Overview
The United States and European countries are experimenting with a new generation of policy approaches for combating environmental degradation. Industrial Transformation evaluates the effectiveness of twelve innovative voluntary, collaborative, and information-based programs, focusing particularly on the effectiveness of these programs in bringing about industrial transformation — changes in production and consumption structures that will help move their societies toward environmental sustainability.

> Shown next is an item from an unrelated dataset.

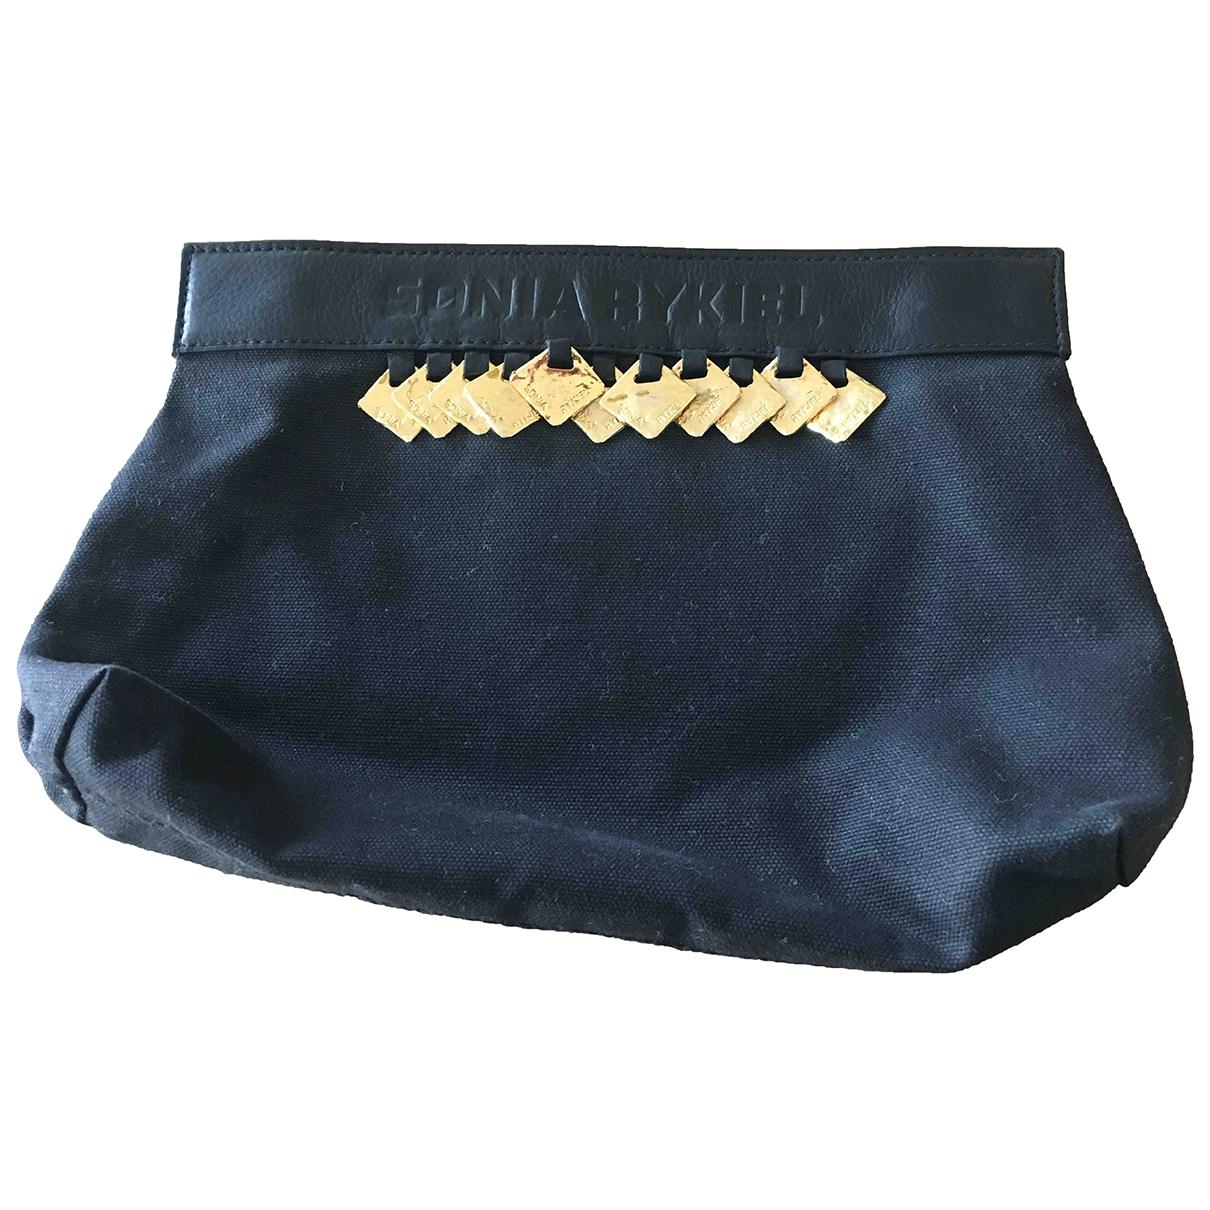 Sonia Rykiel - Pochette   pour femme en coton - noir
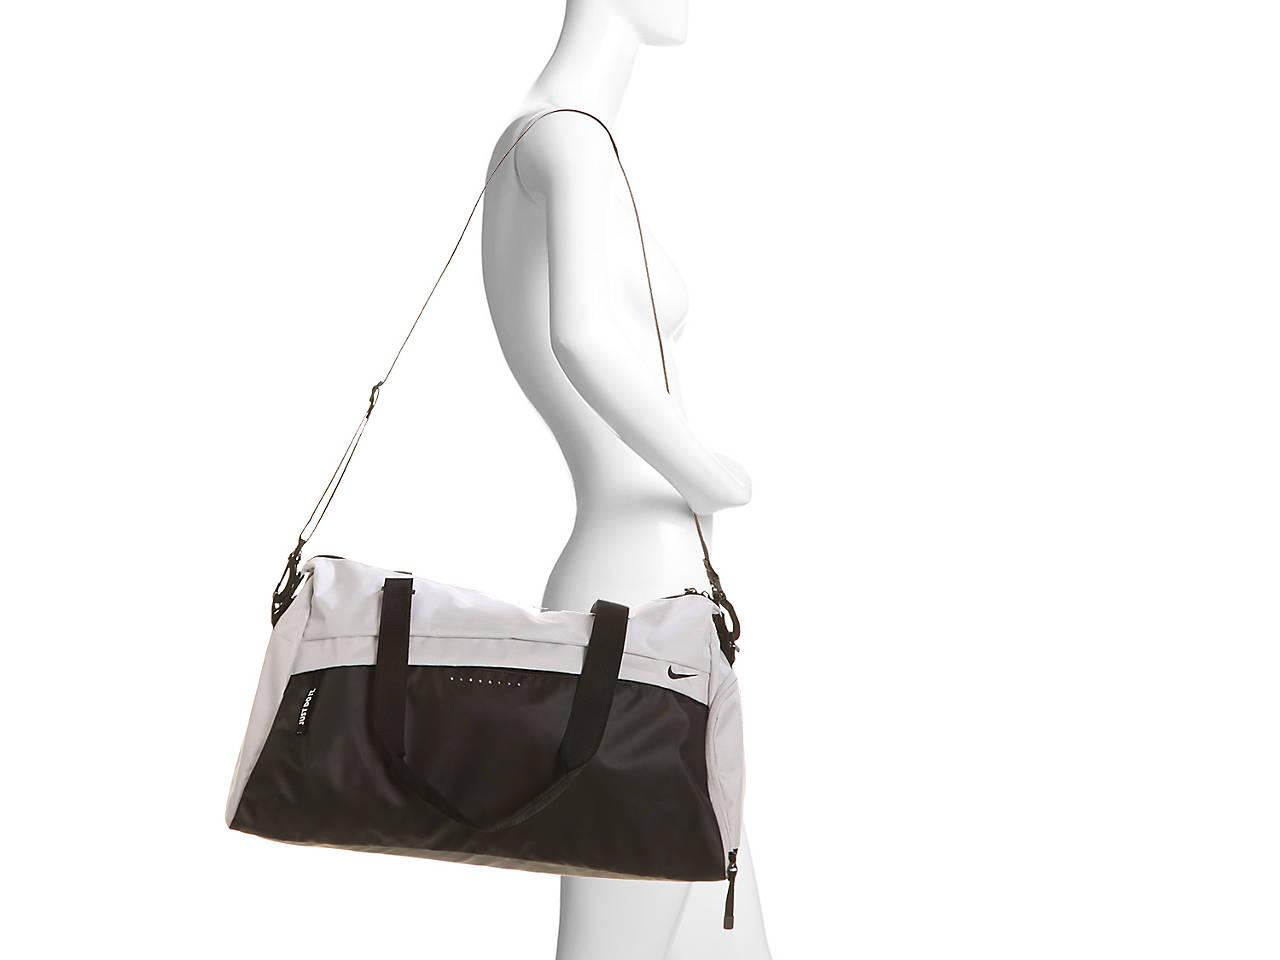 6bf21c13ab75 Nike Radiate Club Gym Bag Women s Handbags   Accessories

The twelve programs analyzed have the potential to create incentives for industry leadership, stimulate beyond-compliance behavior, address environmental degradation not currently regulated, and encourage innovative solutions by involving a wide range of stakeholders. The programs — six in the United States and six in Europe — include Energy Star product labeling in the United States, R&D collaboration in U.S. Department of Energy programs, the U.S. Toxic Release Inventories, the EU's Eco-Audit Regulation in the UK, the Dutch Target Group Policy, and the German End-of-Life Vehicles Program. The comparative analysis of the twelve programs proves that these new approaches are not a panacea for industrial transformation. Taken together, the cases provide a range of experience from which to draw lessons for future policy design.
Theo de Bruijn is Senior Research Associate at the Center for Clean Technology and Environmental Policy at the University of Twente, the Netherlands.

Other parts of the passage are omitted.